# Setup

In [None]:
%pip install -qU langchain-cohere langchain-community langchain-core==0.2.40 langchain-openai langchain-qdrant
%pip install -qU docx2txt
%pip install -qU IProgress
%pip install -qU ipywidgets
%pip install -qU pymupdf
%pip install -qU python-dotenv
%pip install -qU ragas==0.1.20
%pip install -qU tqdm
%pip install -qU unstructured 

In [None]:
# Get environment variables

import os
from dotenv import load_dotenv
import uuid

# Load environment variables from .env file
load_dotenv()

# Utilities

In [None]:
from langchain_community.document_loaders import DirectoryLoader 
from langchain_community.document_loaders import PyMuPDFLoader

def process_directory(path: str, glob: str, loader_cls: str, use_multithreading=True):
	
	loader = DirectoryLoader(path=path, glob=glob, show_progress=True, loader_cls=loader_cls, use_multithreading=use_multithreading)
	
	docs = loader.load()
	
	return docs


def test_process_directory():
	docs = []
	
	docs_pdf = process_directory('docs/', '**/*.pdf', PyMuPDFLoader, True)
	
	docs.extend(docs_pdf)
	print(len(docs))

test_process_directory()

In [None]:
# Create embeddings using OpenAI

from langchain_openai import OpenAIEmbeddings

def create_embeddings_openai(model='text-embedding-ada-002') -> OpenAIEmbeddings:

	# Initialize the OpenAIEmbeddings class
	embeddings = OpenAIEmbeddings(model=model)

	return embeddings

#####

def test_create_embeddings_openai():
	text = 'What is the annual revenue of Uber?'
	embeddings = create_embeddings_openai()
	vector = embeddings.embed_query(text)
	print(vector)
	return embeddings

test_create_embeddings_openai()

In [None]:
# Create a text splitter using recursive character text splitter

# https://python.langchain.com/v0.1/docs/modules/data_connection/document_transformers/recursive_text_splitter/

from langchain.text_splitter import RecursiveCharacterTextSplitter

def chunk_docs_recursive(docs: list, chunk_size=500, chunk_overlap=50) -> list:

	text_splitter = RecursiveCharacterTextSplitter(chunk_size=chunk_size, chunk_overlap=chunk_overlap)

	chunks_start = text_splitter.split_documents(docs)

	# chunks_end = remove_empty_chunks(chunks_start=chunks_start)

	return chunks_start

#####

def test_chunk_docs_recursive(): 
	docs = process_directory('docs/', '**/*.pdf', PyMuPDFLoader, True)
	chunks = chunk_docs_recursive(docs=docs)

	print(f'\nNumber of chunks = {len(chunks)}\n')
	print(f'First chunk = {chunks[0].page_content}')

test_chunk_docs_recursive()

In [None]:
# Create a Qdrant vector store

from langchain_core.embeddings import Embeddings
from langchain_qdrant import QdrantVectorStore
from qdrant_client import QdrantClient
from qdrant_client.http.models import Distance, VectorParams

def create_qdrant_vector_store(location: str, 
							   collection_name: str, 
							   vector_size: int, 
							   embeddings: Embeddings, 
							   docs: list) -> QdrantVectorStore:

	# Initialize the Qdrant client
	qdrant_client = QdrantClient(location=location)

	# Create a collection in Qdrant
	qdrant_client.create_collection(collection_name=collection_name, 
								 vectors_config=VectorParams(size=vector_size, distance=Distance.COSINE))

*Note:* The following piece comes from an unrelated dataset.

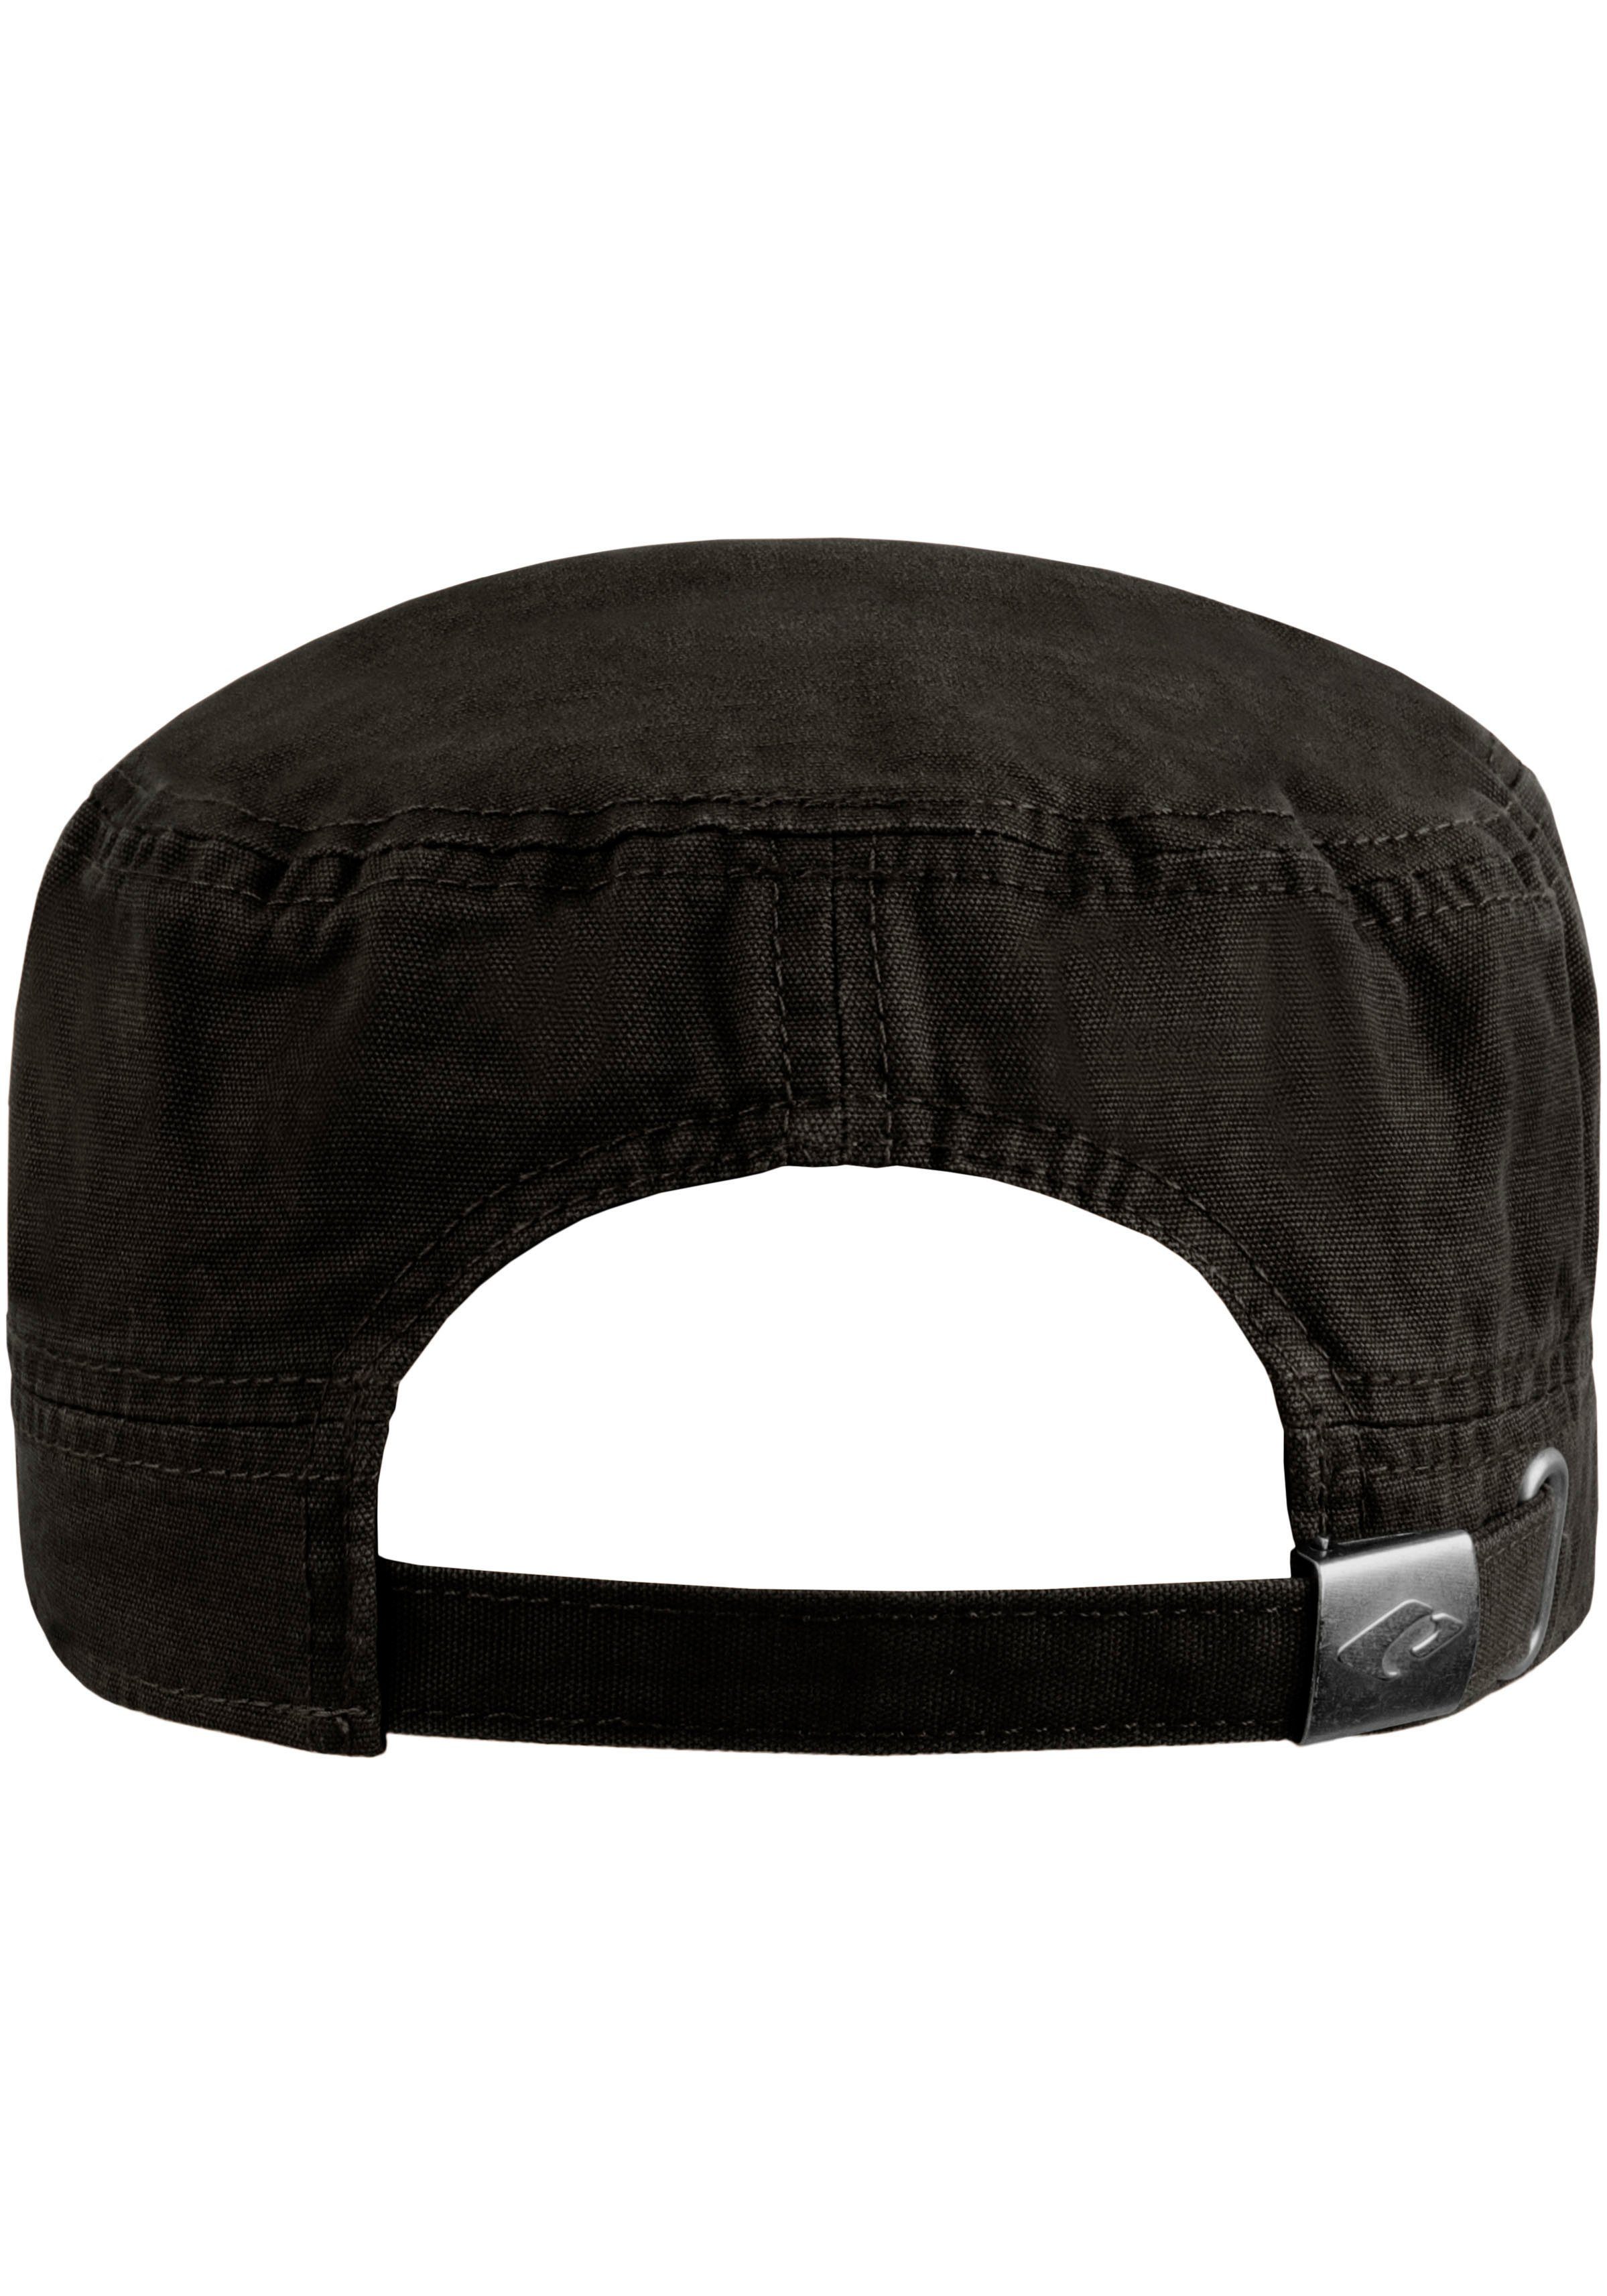 chillouts Army Cap Dublin Hat im schwarz Cap Mililtary-Style

	# Initialize QdrantVectorStore with the Qdrant client
	qdrant_vector_store = QdrantVectorStore(client=qdrant_client, 
										 collection_name=collection_name, embedding=embeddings)
	
	# Add the docs to the vector store
	qdrant_vector_store.add_documents(docs)
	
	return qdrant_vector_store

#####

def test_create_qdrant_vector_store():
	embeddings = create_embeddings_openai()
	docs = process_directory('docs/', '**/*.pdf', PyMuPDFLoader, True)
	chunks = chunk_docs_recursive(docs=docs)
	print(f'\nNumber of chunks = {len(chunks)}\n')
	vector_store = create_qdrant_vector_store(':memory:', 'holiday-test', 1536, embeddings, chunks)
	print(vector_store.collection_name)

test_create_qdrant_vector_store()

In [None]:
# Create a Qdrant retriever

from langchain_core.retrievers import BaseRetriever
from langchain_qdrant import QdrantVectorStore

def create_retriever_qdrant(vector_store: QdrantVectorStore) -> BaseRetriever:

	retriever = vector_store.as_retriever()

	return retriever

#####

def test_create_retriever_qdrant(text: str = None):
	embeddings = create_embeddings_openai()
	docs = process_directory('docs/', '**/*.pdf', PyMuPDFLoader, True)
	chunks = chunk_docs_recursive(docs=docs)
	print(f'\nNumber of chunks = {len(chunks)}\n')
	vector_store = create_qdrant_vector_store(":memory:", "holiday-test", 1536, embeddings, chunks)
	retriever = create_retriever_qdrant(vector_store)
	if text:
		docs = retriever.invoke(text)
		print(docs[0])

print('\nQDRANT')
test_create_retriever_qdrant('What is the annual revenue for Uber?')

In [None]:
# Create a prompt template

# https://python.langchain.com/v0.1/docs/modules/model_io/prompts/quick_start/#chatprompttemplate
# https://python.langchain.com/v0.2/api_reference/core/prompts/langchain_core.prompts.chat.ChatPromptTemplate.html

from langchain.prompts import ChatPromptTemplate

def create_chat_prompt_template(template: str = None) -> ChatPromptTemplate:
	
	if template is None:
		template = '''
		You are an expert assistant designed to help users analyze and answer questions about 10K annual reports filed by publicly traded companies. Users may ask about specific sections, financial metrics, trends, or comparisons across multiple reports. Your role is to provide accurate, concise, and relevant answers, referencing appropriate sections or data points where applicable.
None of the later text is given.